At a recent family event I had the opportunity to talk with my younger brother. He graduated from the University of Wisconsin in Milwaukee a couple years ago with a degree in computer science. Since graduating he’s found a full time paid internship and was able to convert it into being taken on as a full time engineer, putting him at having 3 (ish) years of practical work experience.

During course of conversation, I kept having this nagging feeling of being misunderstood. It felt as though what I was saying was missing a common frame of reference for the topics of the conversation; that I was, in essence, speaking gibberish. I understand that my brother is young– much much younger than I. I also understand we come from two very different ways of having been taught our craft, but still, we’re both technical and should have common ground; something was very

Big Data

off.

I stopped the conversation and bluntly asked him, “Do you know…”

  • what is meant by the term “Big Data”?
  • what Hadoop is?
  • what the mapreduce paradigm is?
  • why a NoSQL database would be used vs. a traditional RDBMS?

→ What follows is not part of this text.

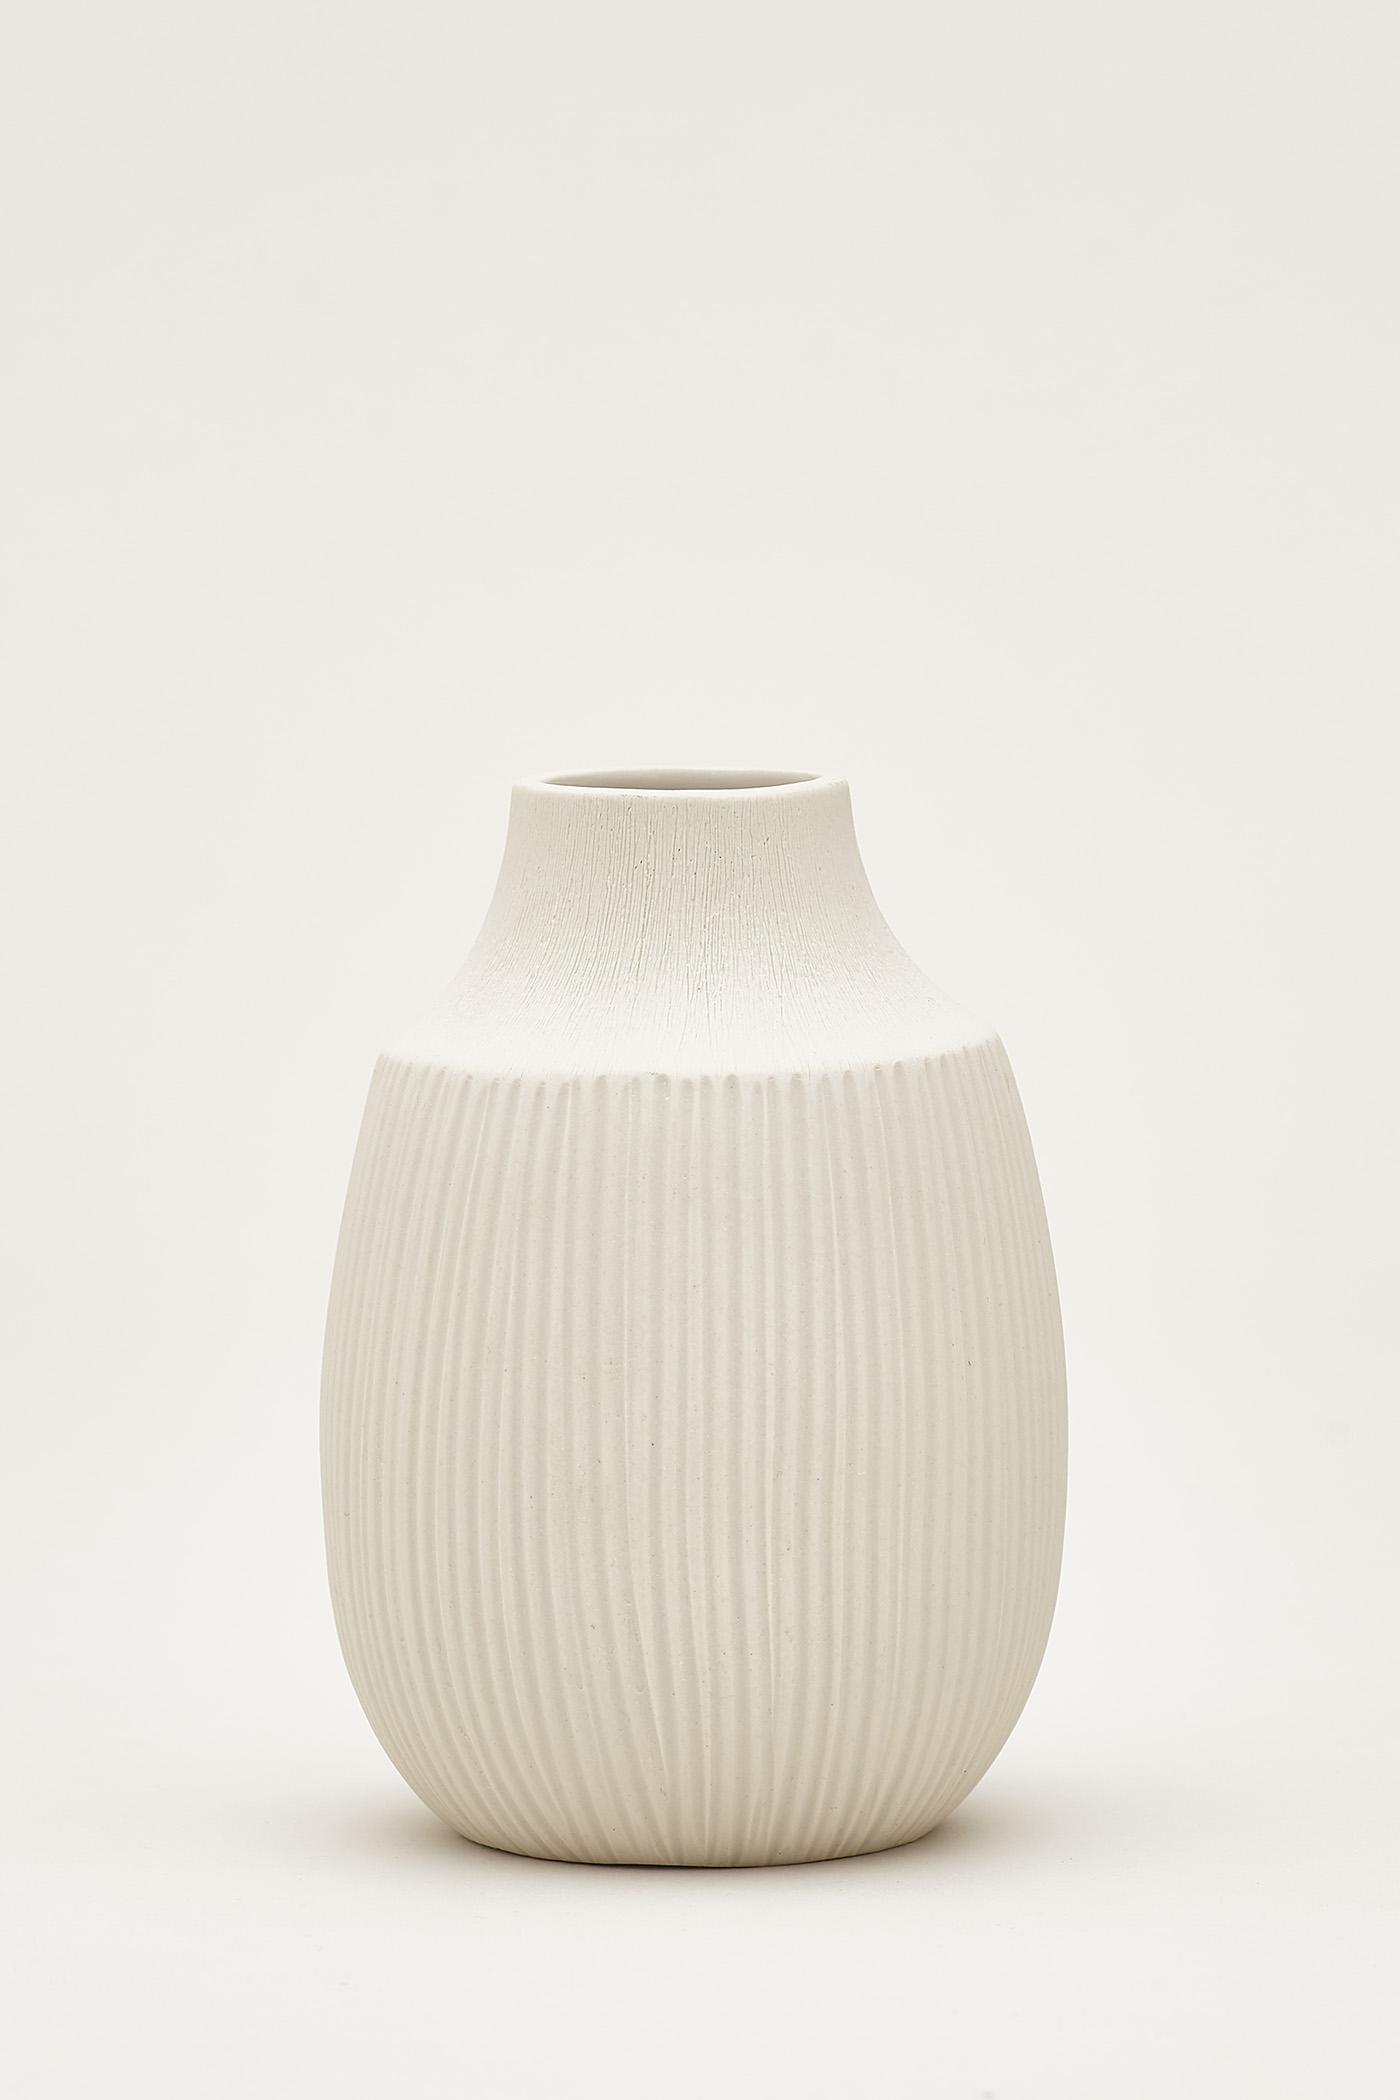 Kiro Embossed-Line Ceramic Vase

To each of these questions, the answers were similar. He had heard all of the terms I asked about, but he had no actual experience with any of them. He went on to tell me that his way of learning things was to wait until he was either told by a manager he would need a new skill or knowledge-set for an upcoming project or he came to discover it himself. In other words, he would learn something new only if it was required; there was no exploring or being proactive.

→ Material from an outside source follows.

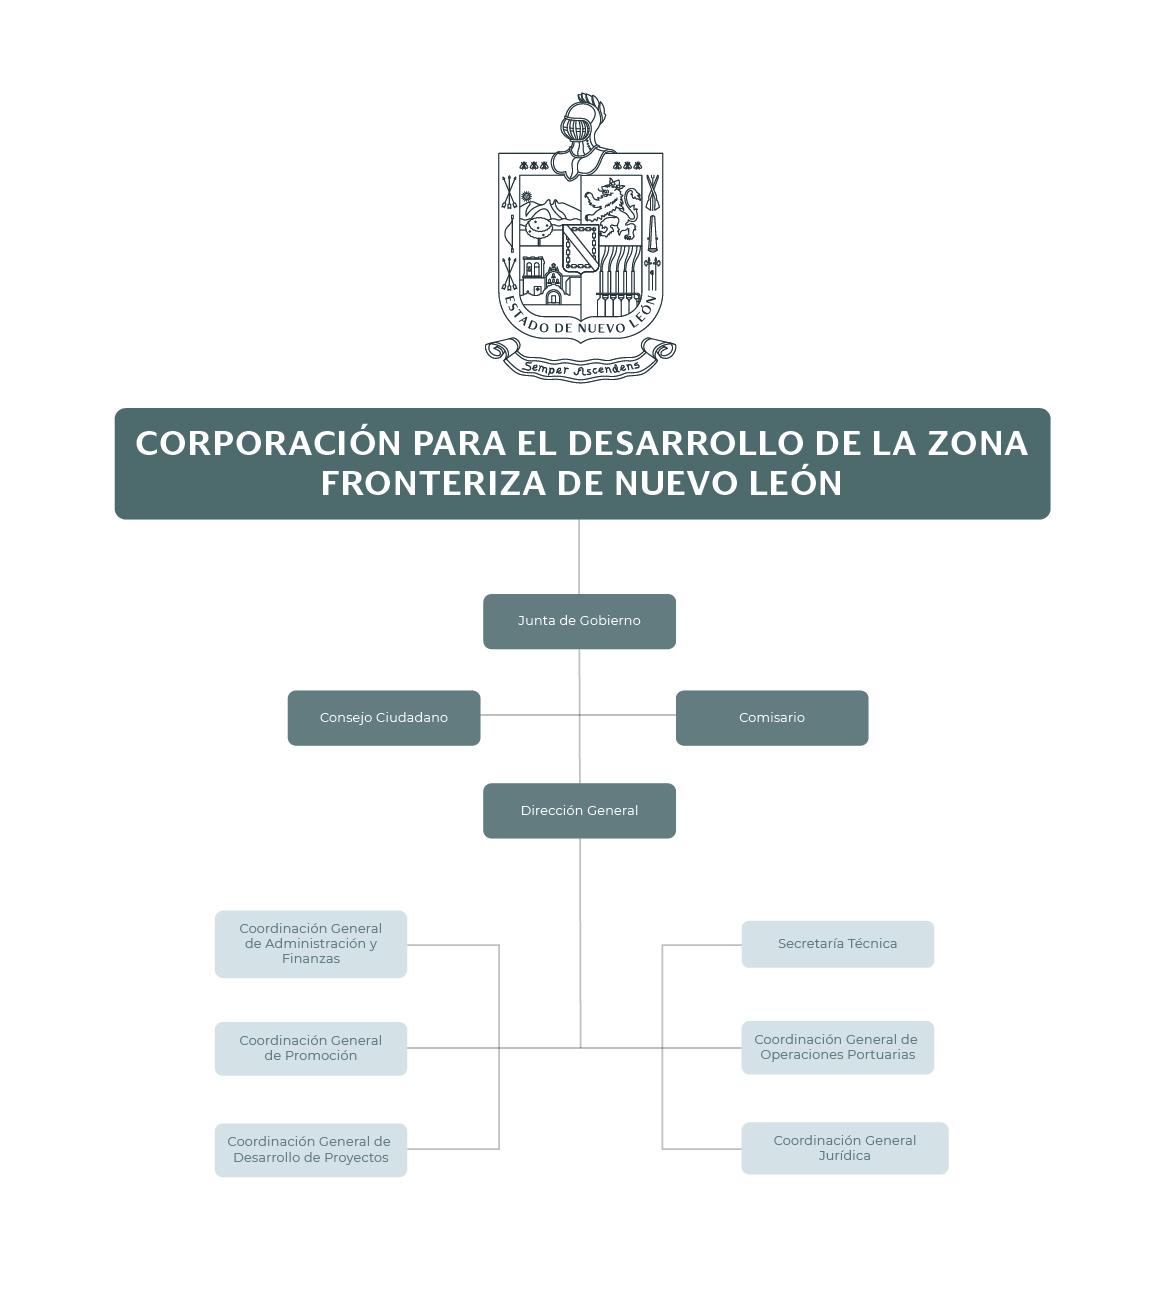 Organigrama de la Corporación para el Desarrollo de la Zona Fronteriza de Nuevo León

After I quickly reorganized my thoughts following the shock and awe that was just dropped before me, I saw an opportunity to reach out and be a mentor. I explained to him the importance of taking control over his own destiny and to actively manage his learning and career direction. In the world today, waiting for someone to tell you what to do just doesn’t cut it.

Apache Hadoop Elephant

Further, he had been telling me how he was being put more and more into a leadership and project management role and while found he was good at it– and further had been recognized as being good by his managers, it wasn’t what he wanted to be doing. Of course, I made the foolish mistake of asking him what it is that he wants to do, only to get back the answer I deserved for such a silly question– “Gee, I’m not sure, I just know I don’t want to do that.”1

I told him that I would write up a list of links and come up with a self-education task plan for him around the big data space if he were interested. And that brings us to where we are now. That is why over the next several weeks I’ll be going back to the basics and creating a “Big Data”, Hadoop and NoSQL primer baseline series of articles and tutorials.


  1. This is something that I’ve come to call the ‘Law of Hate’. It typically gets applied to customers and specifically in user interface design situations. In essence, it is impossible for a customer to tell you, the consultant, what they want. They can only tell you what they hate after you have showed to them the 2 dozen mock-ups you have prepared.